*** GIVEN MATERIAL Section Begins ***
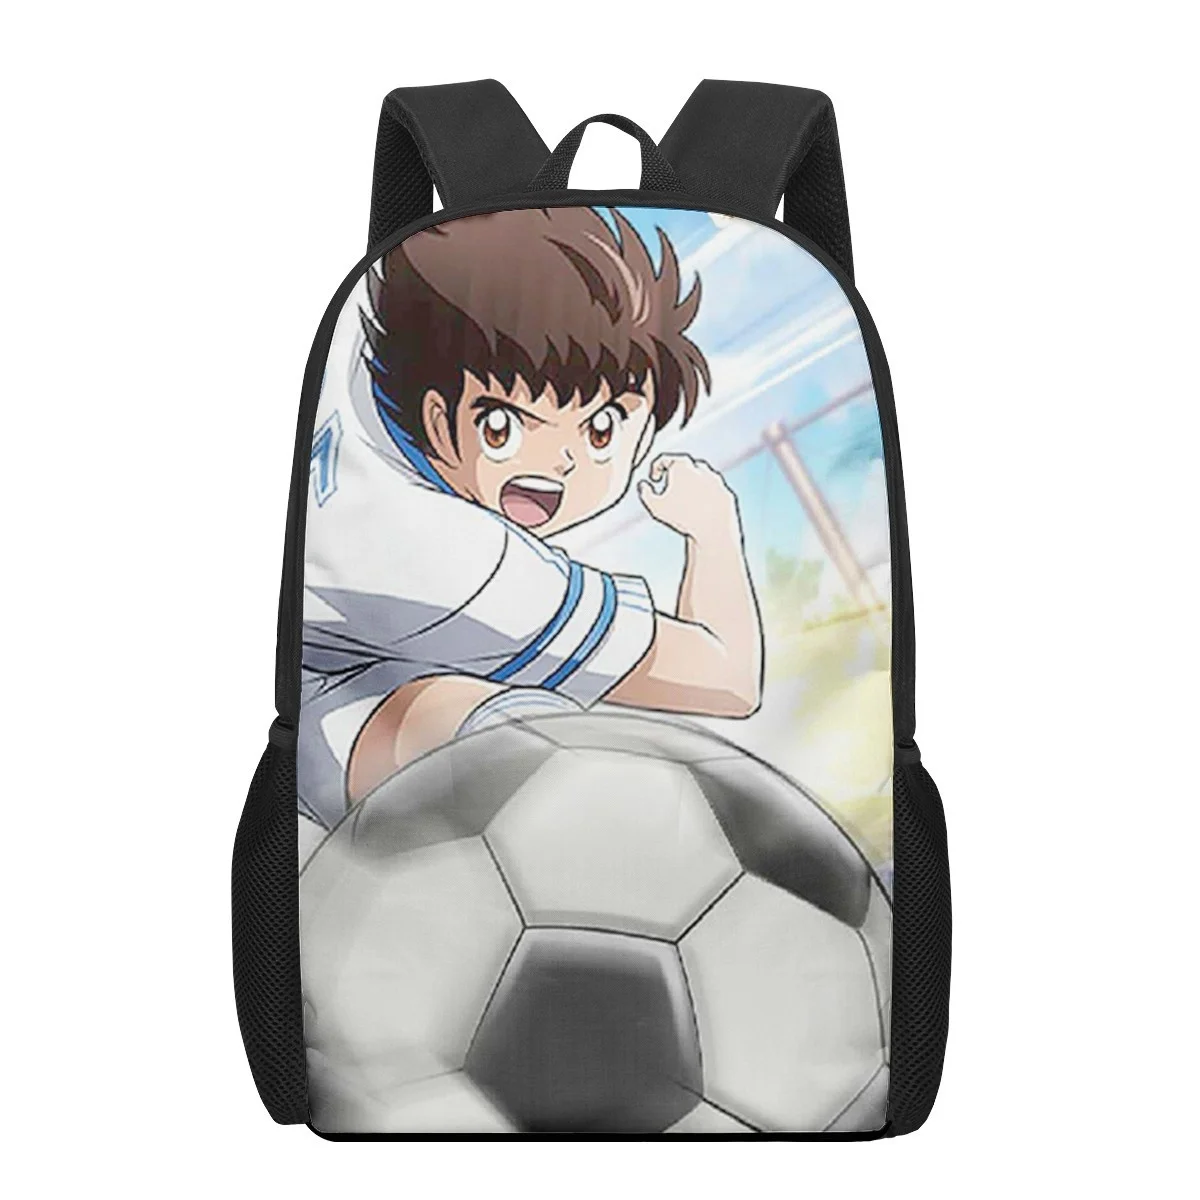 

Рюкзак с 3D-принтом в стиле аниме Captain Tsubasa школьные ранцы для мальчиков Girls, школьные рюкзаки, Детская сумка, рюкзак для детского сада, мужской рюкзак для книг
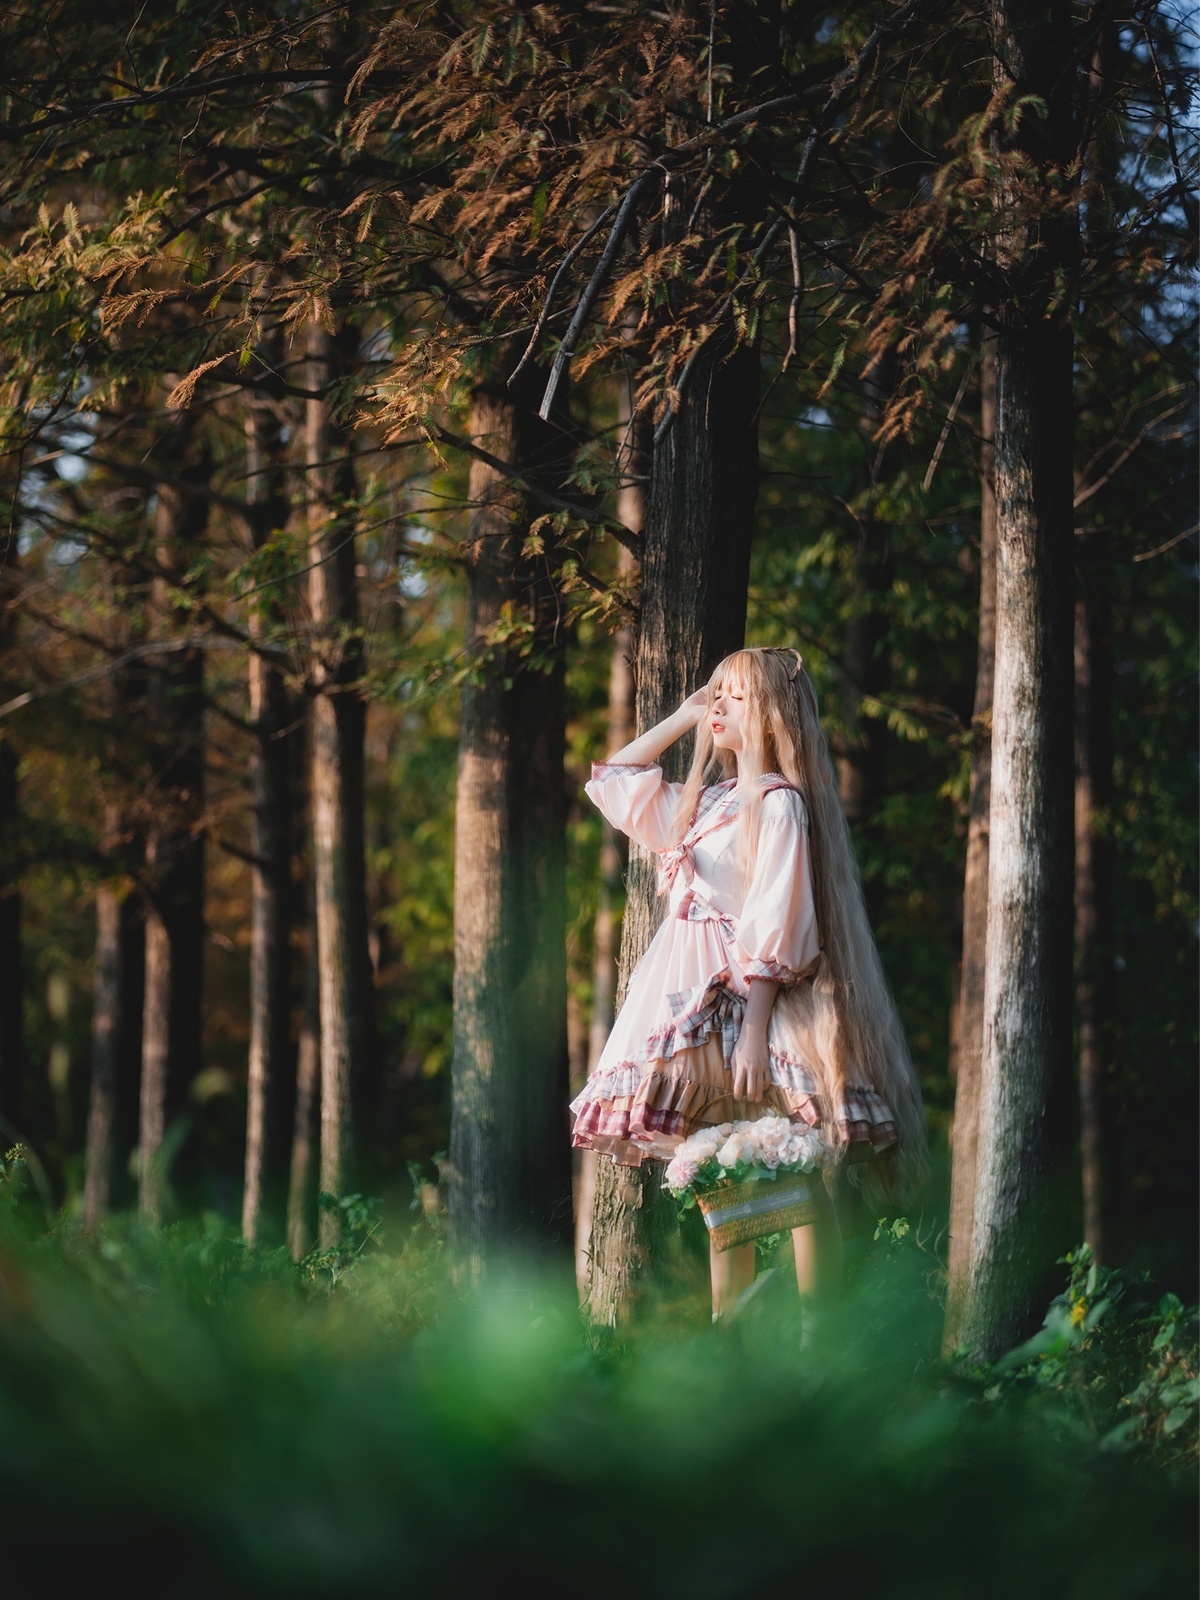 一个小女孩穿着白色裙子穿过一棵棵树的森林
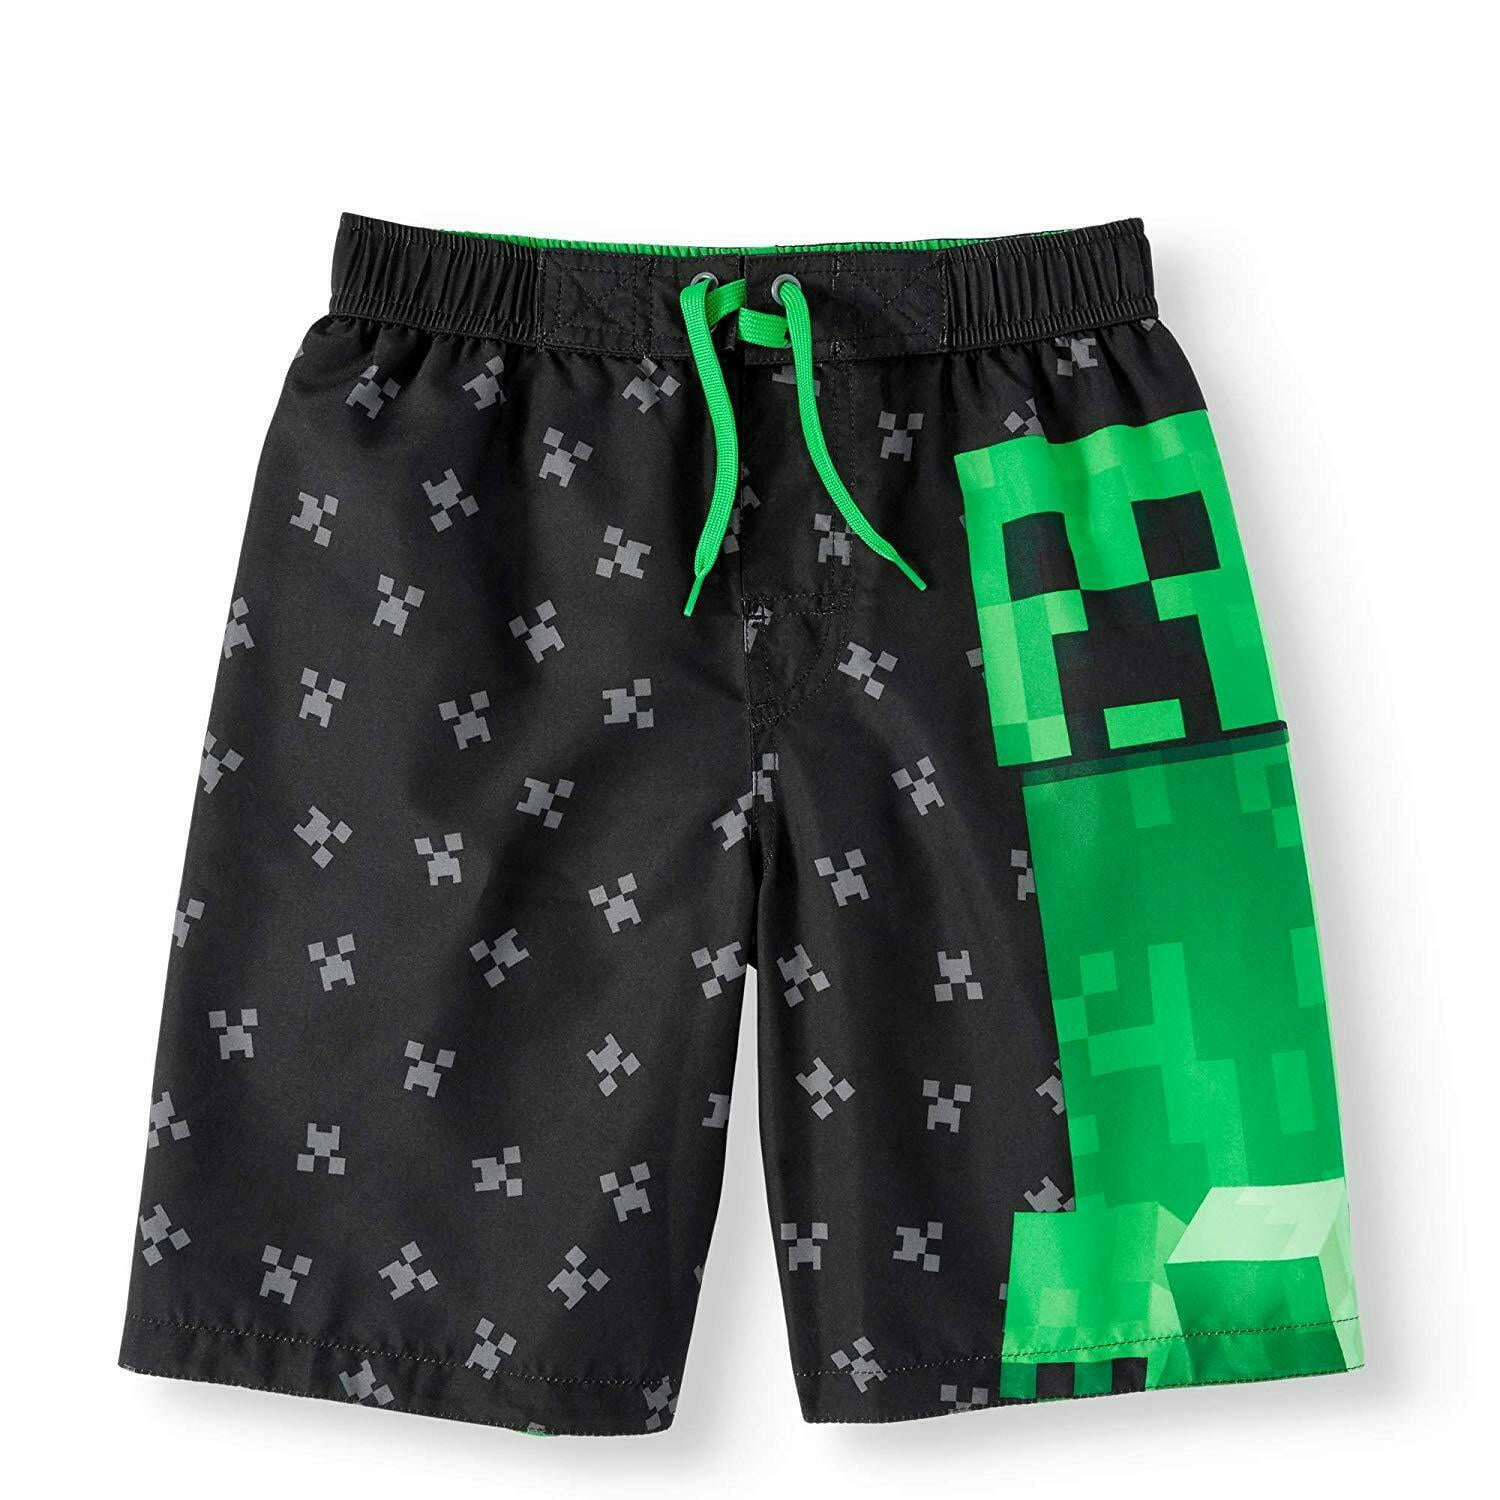 Minecraft Swim Trunks Shorts Boy Size 10/12 - Walmart.com
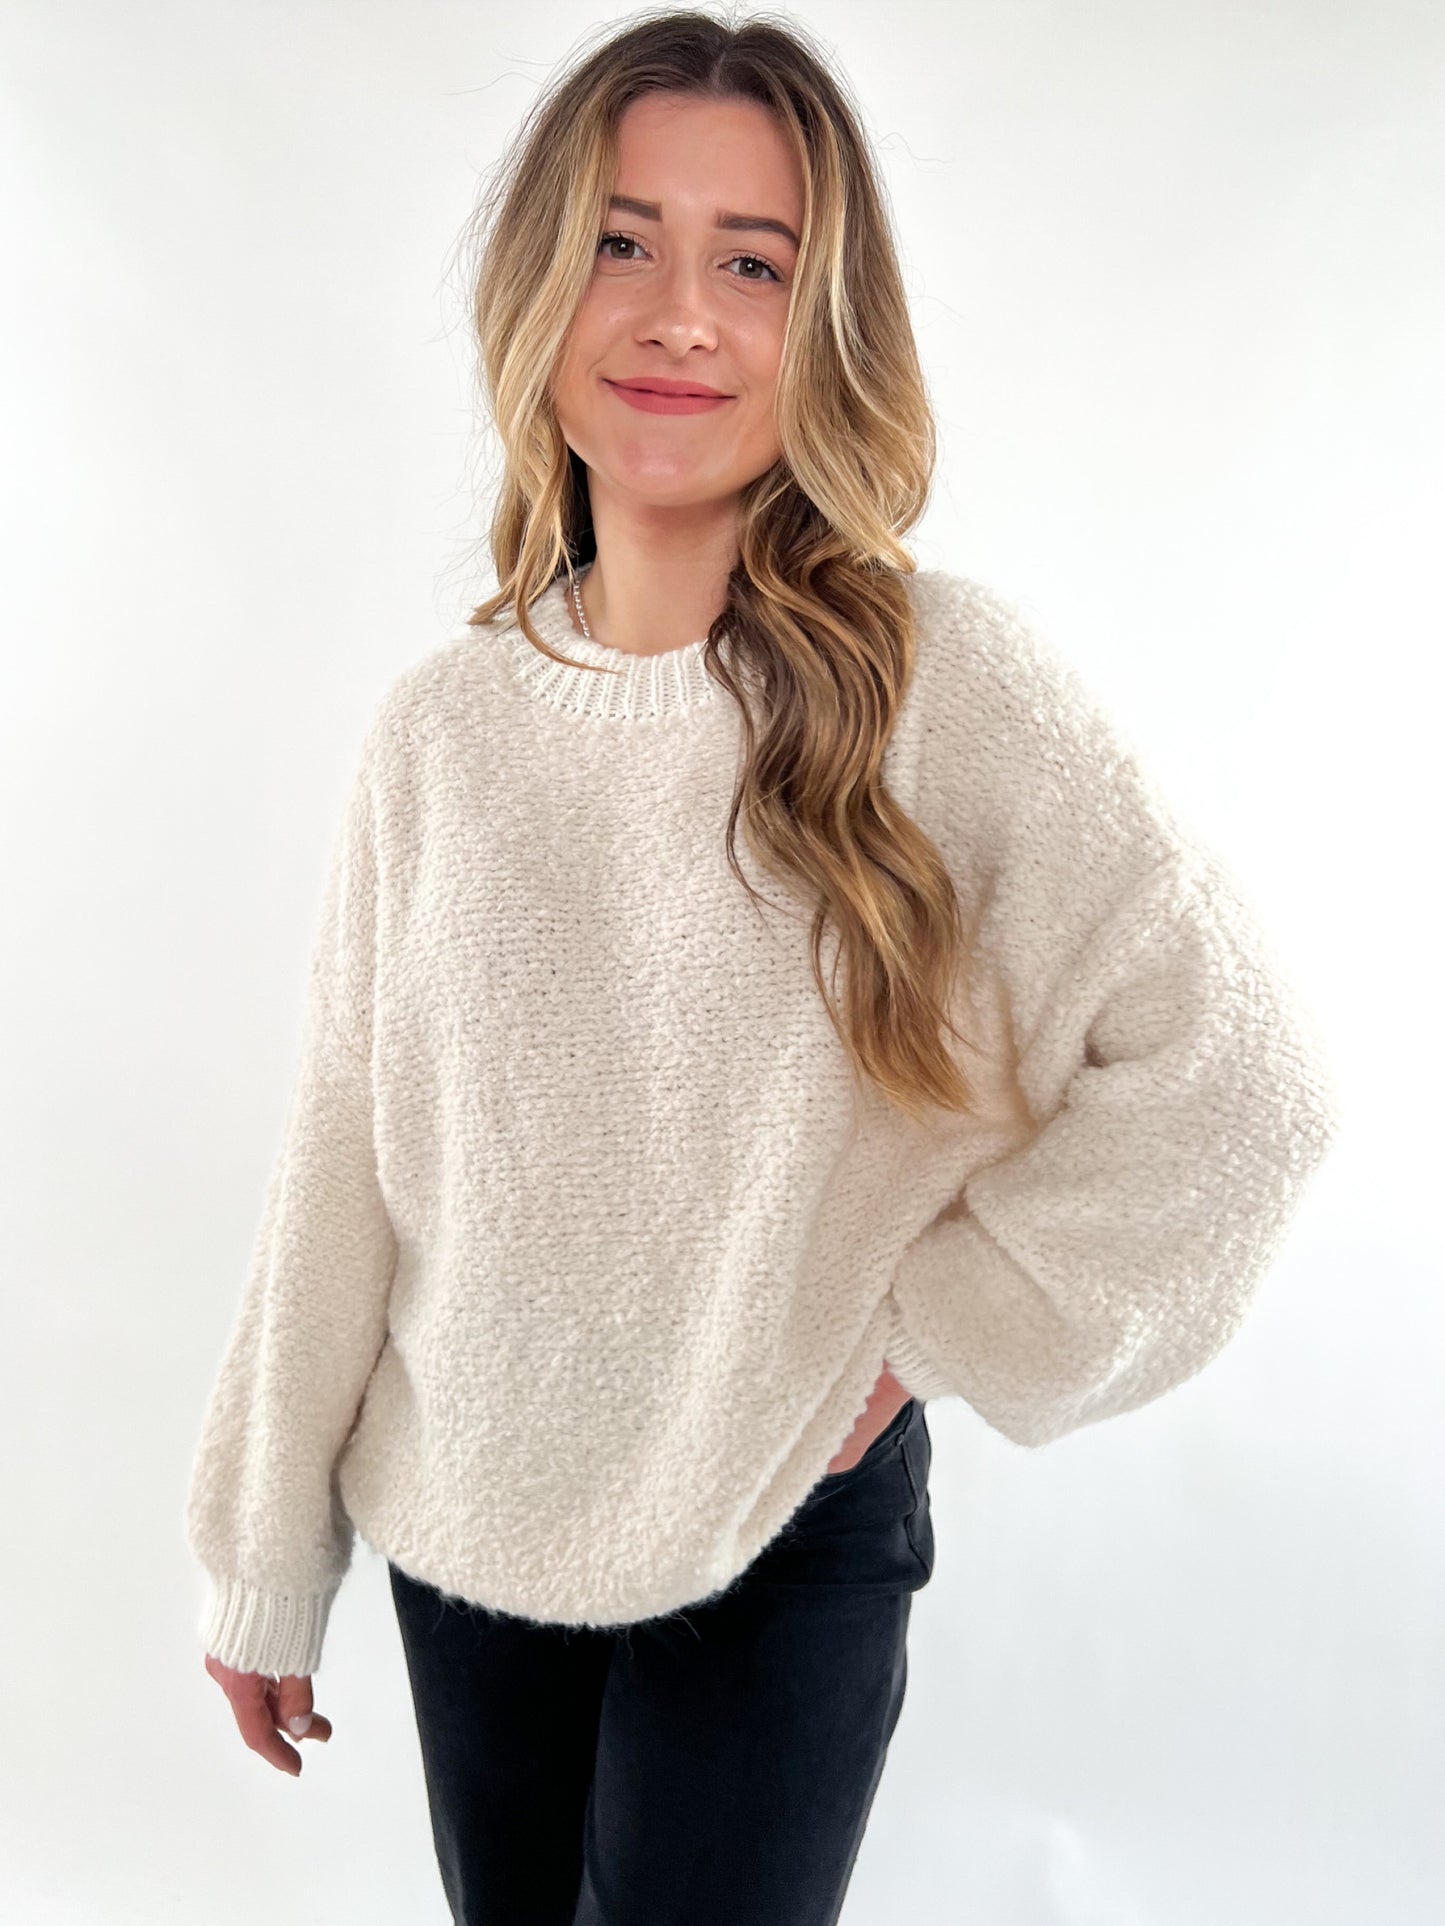 Bouclé Sweater Contrast - creme weiß
*** GIVEN MATERIAL Section Ends ***
THE PROBLEM → Go through the listing above and quote it exactly, apart from its images.

ANSWER BOX →
Рюкзак с 3D-принтом в стиле аниме Captain Tsubasa школьные ранцы для мальчиков Girls, школьные рюкзаки, Детская сумка, рюкзак для детского сада, мужской рюкзак для книг
 一个小女孩穿着白色裙子穿过一棵棵树的森林
 Minecraft Swim Trunks Shorts Boy Size 10/12 - Walmart.com
 Bouclé Sweater Contrast - creme weiß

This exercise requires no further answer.